Forum Moderators: coopster & phranque

Message Too Old, No Replies

Custom Search Engine

Need to build a SE for a limited topic index

         

lorax

1:52 pm on May 9, 2002 (gmt 0)

WebmasterWorld Senior Member 10+ Year Member Top Contributors Of The Month



Hello Folks,
One of the problems I have with the major SEs is that the result sets include a lot of junk that's not pertinent to what I search on. I want to build (beg, borrow or ... code) an SE of my own that searches only the web sites I tell it to. I can parse the pages once the SE returns them to me. What I'd like to know is:

1. Can this be done with PHP and MySQL?
2. How would I pull the pages of the target site into my script for parsing? Is it as simple as fopen or readfile?
3. My plan is to parse the pages and pull relevant info (title, meta tags) into a db and then build a keyword list based on keywords the SE found out of a master list I tell the engine to look for.
4. Am I nuts or is this possible without having to know something like JAVA or VBScript?

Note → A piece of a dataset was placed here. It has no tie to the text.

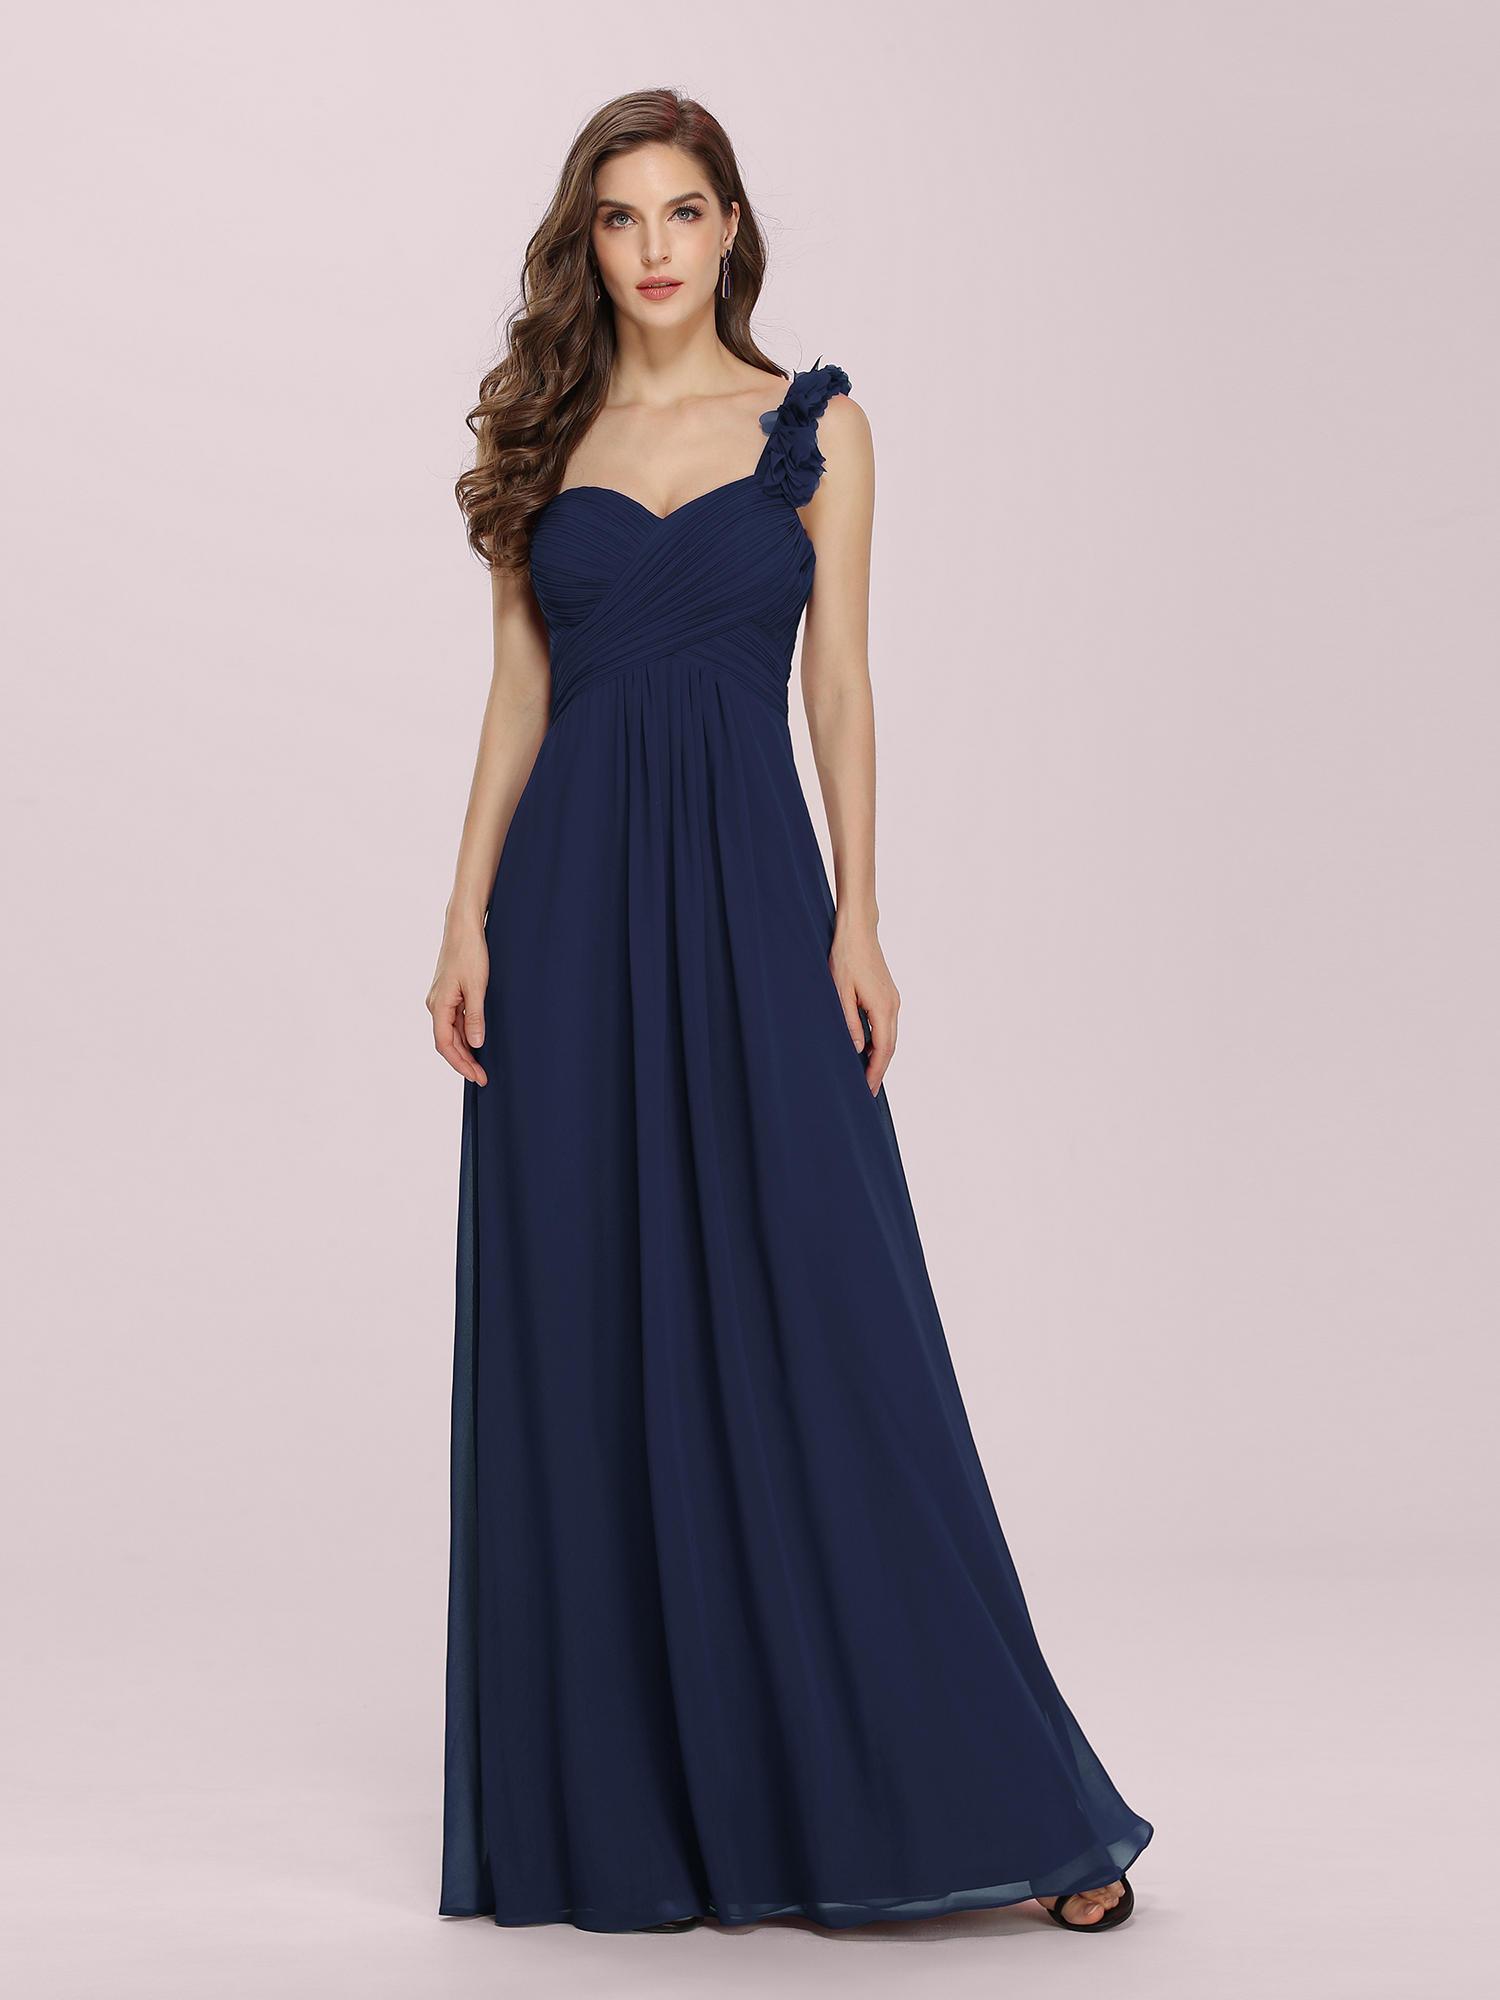 Ever-Pretty US Long Bridesmaid Dresses One-shoulder Navy Blue Formal ...

Your thoughts/suggestions would be most appreciated.

lorax

2:04 pm on May 9, 2002 (gmt 0)

WebmasterWorld Senior Member 10+ Year Member Top Contributors Of The Month



I should clarify that there are actually two parts to this puzzle. One is the spider/bot that gets the pages from the target web sites. The second is the SE on my site which searches the db I build.

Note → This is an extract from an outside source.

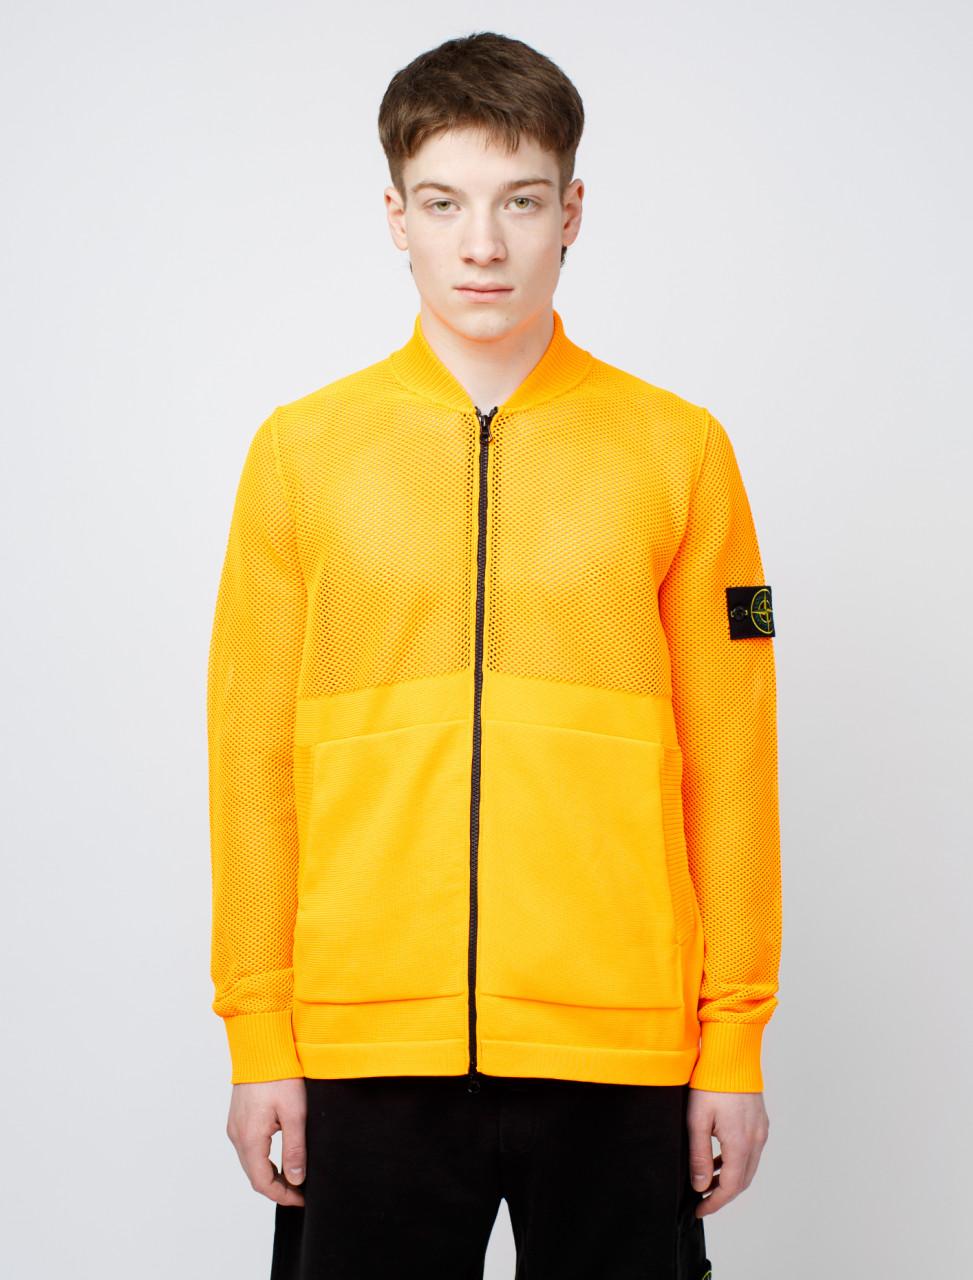 SI Orange Knit Jacket

It's the spider/bot that I need help with.

john316

2:25 pm on May 9, 2002 (gmt 0)

WebmasterWorld Senior Member 10+ Year Member



How many sites do you plan on indexing?

lorax

2:29 pm on May 9, 2002 (gmt 0)

WebmasterWorld Senior Member 10+ Year Member Top Contributors Of The Month



To begin with I have a list of a few hundred but I doubt it'll get to be more than a few thousand.

brotherhood of LAN

3:06 pm on May 9, 2002 (gmt 0)

WebmasterWorld Senior Member 10+ Year Member Top Contributors Of The Month



You may want to try the FDSE search engine, which can spider sites titles/tags/body text, and can be customised

I was going to sticky it in the interest of neutrality but you can actually try this beasty good software package for free

Ive used it and recommend it. It is written in perl, and can install automatically to your web site from their website if you have probs

Its an alternative anyways...

lorax

3:20 pm on May 9, 2002 (gmt 0)

WebmasterWorld Senior Member 10+ Year Member Top Contributors Of The Month



Botherhood_of_Lan,
Please do sticky me the URL. I'm open to saving myself time. I'd like to write the code someday just for the sake of learning (and being able to say "I built that") but right now I just need a good working solution to demonstrate the concept to an important contact.

lorax

3:43 pm on May 9, 2002 (gmt 0)

WebmasterWorld Senior Member 10+ Year Member Top Contributors Of The Month



ahh...I just reread you post Brotherhood_of_lan and twas able to find FDSE just fine. Thanks for the tip!